Question 5: Cauchy-Schwarz inequality is the most straightforward method to prove the given inequality to be true.
A. Yes.
B. No.

Yes, there is nothing to contemplate except for applying directly of the Cauchy-Schwarz inequality to $\sqrt{4}+\sqrt{3}$, and we get the result:

$\sqrt{4}+\sqrt{2}=\sqrt{2}\sqrt{2}+\sqrt{1}\sqrt{2}\lt \sqrt{2+1}\sqrt{2+2}=2\sqrt{3}$

$\therefore \sqrt{3}-\sqrt{2}\gt \sqrt{4}-\sqrt{3}$ and the proof is then follows.

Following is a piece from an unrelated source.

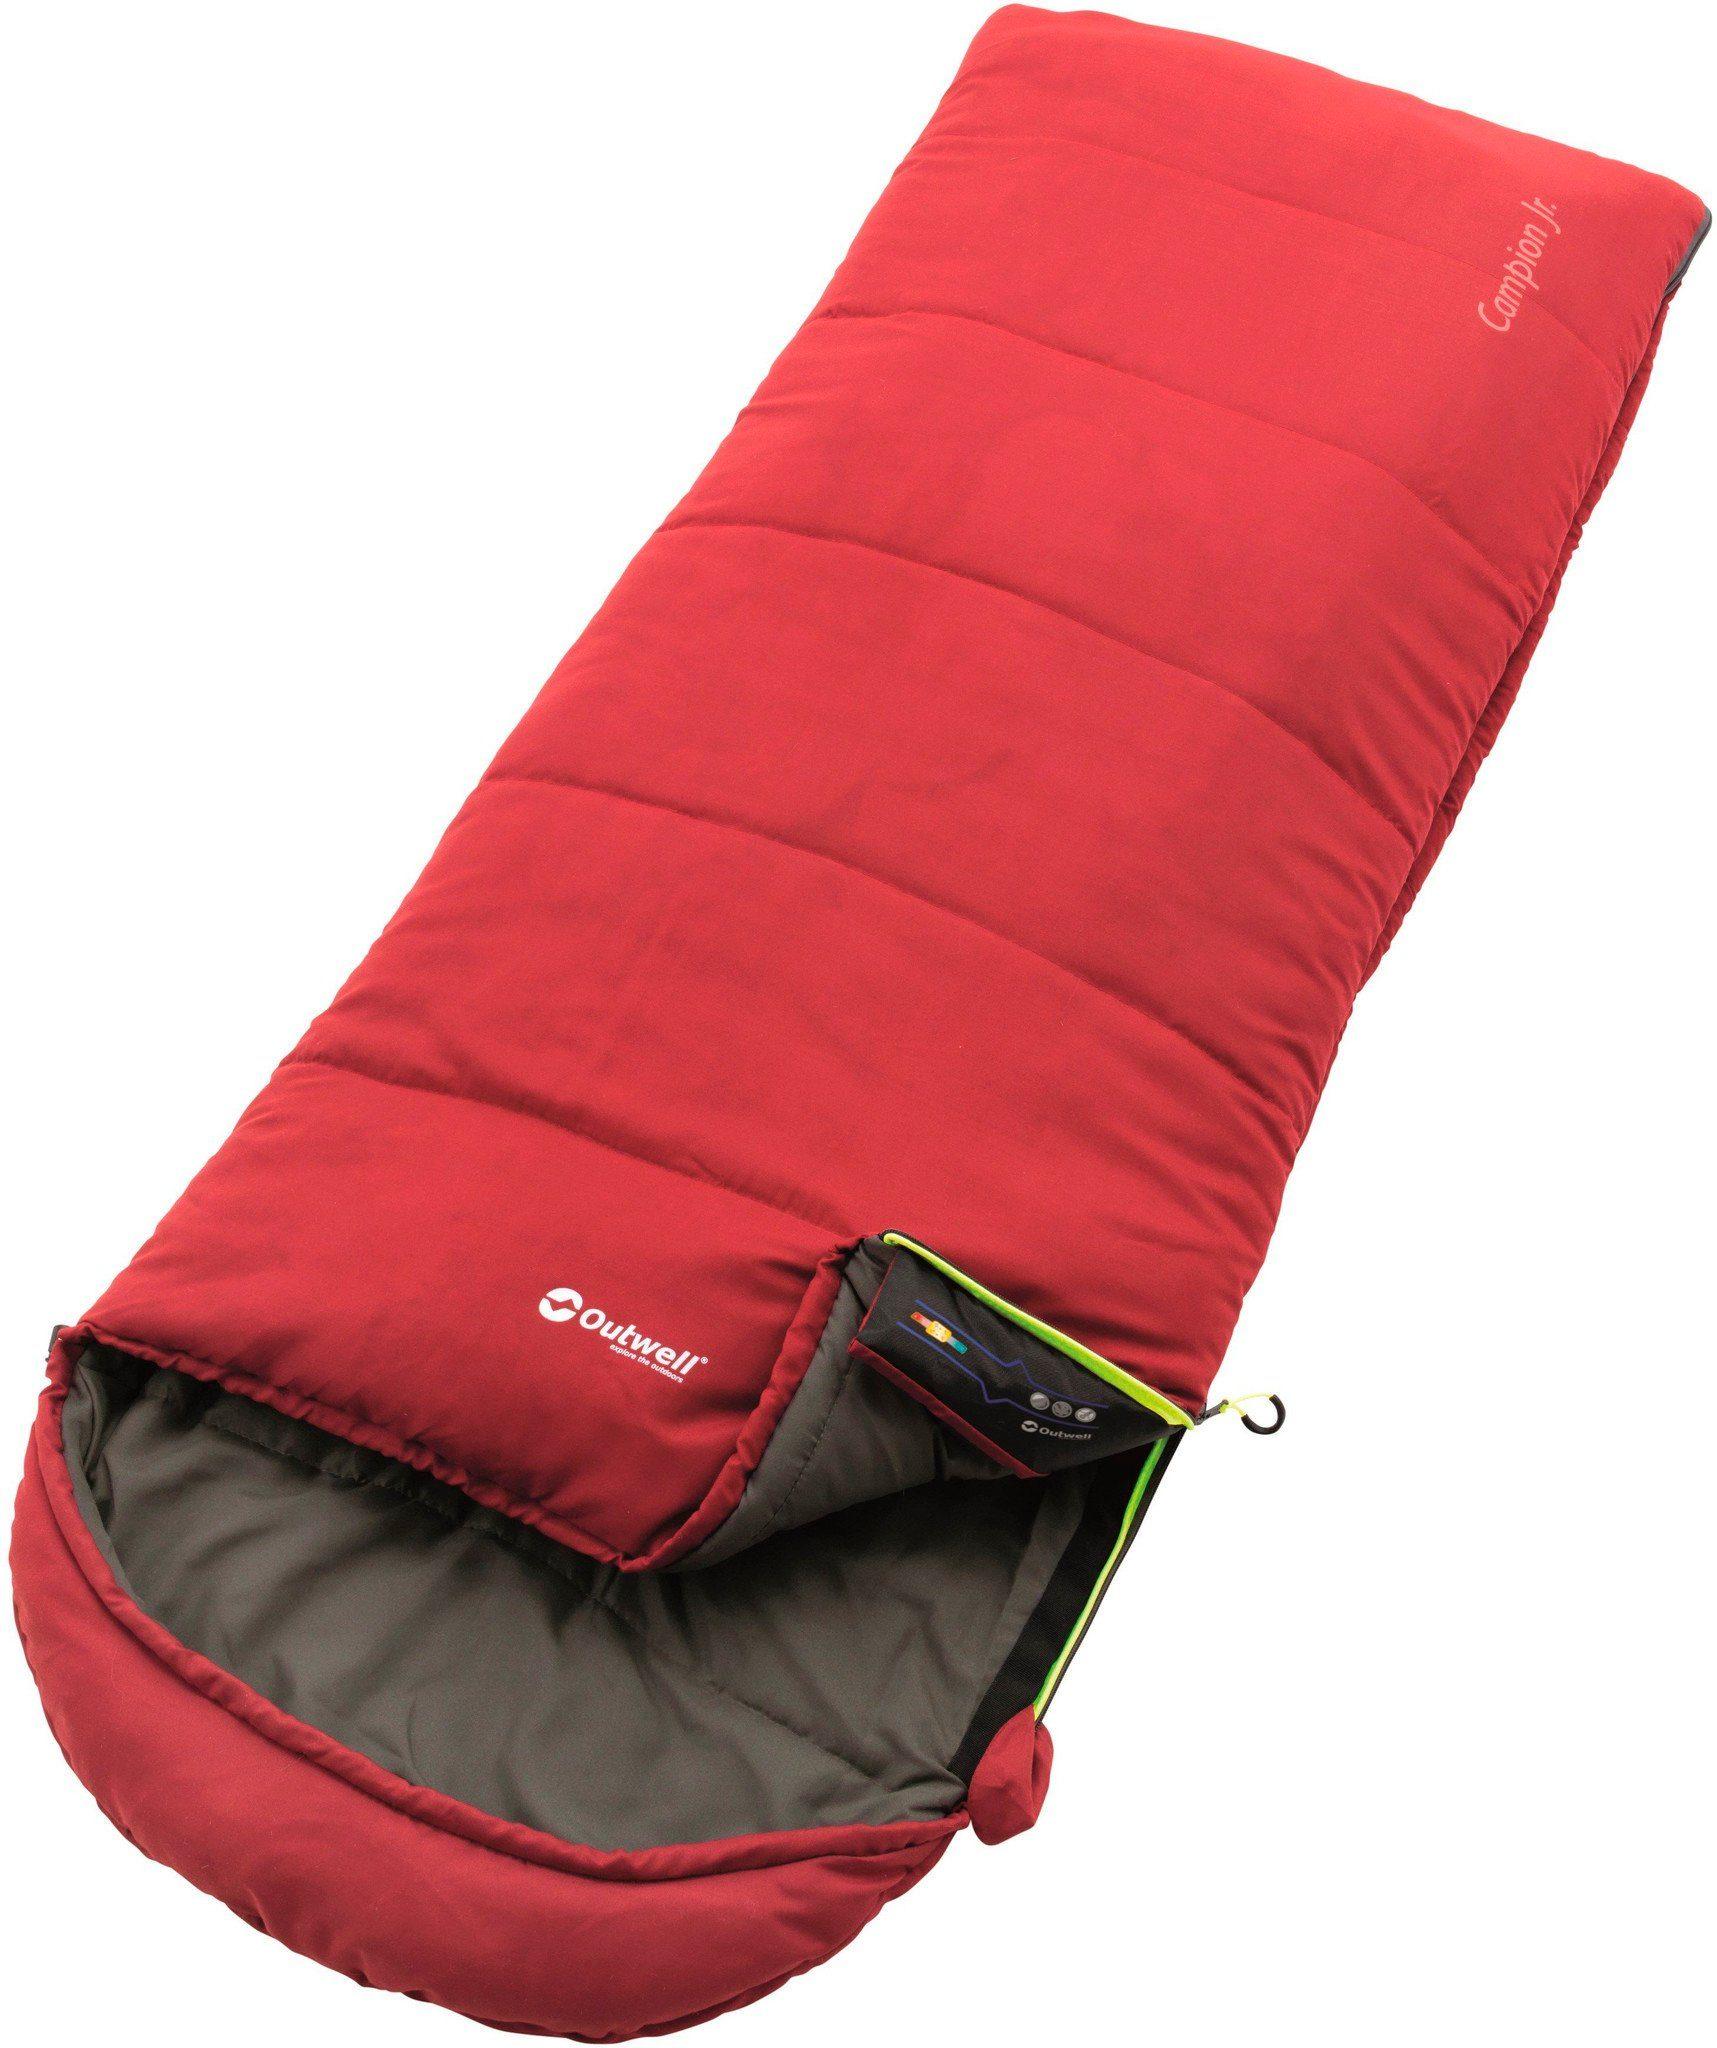 Outwell Schlafsack »Campion Sleeping Bag Junior«

Question 6: Can you decide which of the following two is greater?
$X= \sqrt{9}-\sqrt{8}+\sqrt{7}-\sqrt{6}+\sqrt{5}-\sqrt{4}+\sqrt{3}-\sqrt{2}$ or $Y=\sqrt{10}-\sqrt{9}+\sqrt{8}-\sqrt{7}+\sqrt{6}-\sqrt{5}+\sqrt{4}-\sqrt{3}$
A. $X\gt Y$.
B. $Y\gt X$.

From the facts that we've gathered from the above questions, we see that we can say the following inequalities hold:

$\sqrt{3}-\sqrt{2}\gt \sqrt{4}-\sqrt{3}$

$\sqrt{5}-\sqrt{4}\gt \sqrt{6}-\sqrt{5}$

$\sqrt{7}-\sqrt{6}\gt \sqrt{8}-\sqrt{7}$

$\sqrt{9}-\sqrt{8}\gt \sqrt{10}-\sqrt{9}$

Adding them up we get:

$\sqrt{9}-\sqrt{8}+\sqrt{7}-\sqrt{6}+\sqrt{5}-\sqrt{4}+\sqrt{3}-\sqrt{2}\gt \sqrt{10}-\sqrt{9}+\sqrt{8}-\sqrt{7}+\sqrt{6}-\sqrt{5}+\sqrt{4}-\sqrt{3}$

Therefore, we can conclude by now that $X\gt Y$ is true and hence A is the answer.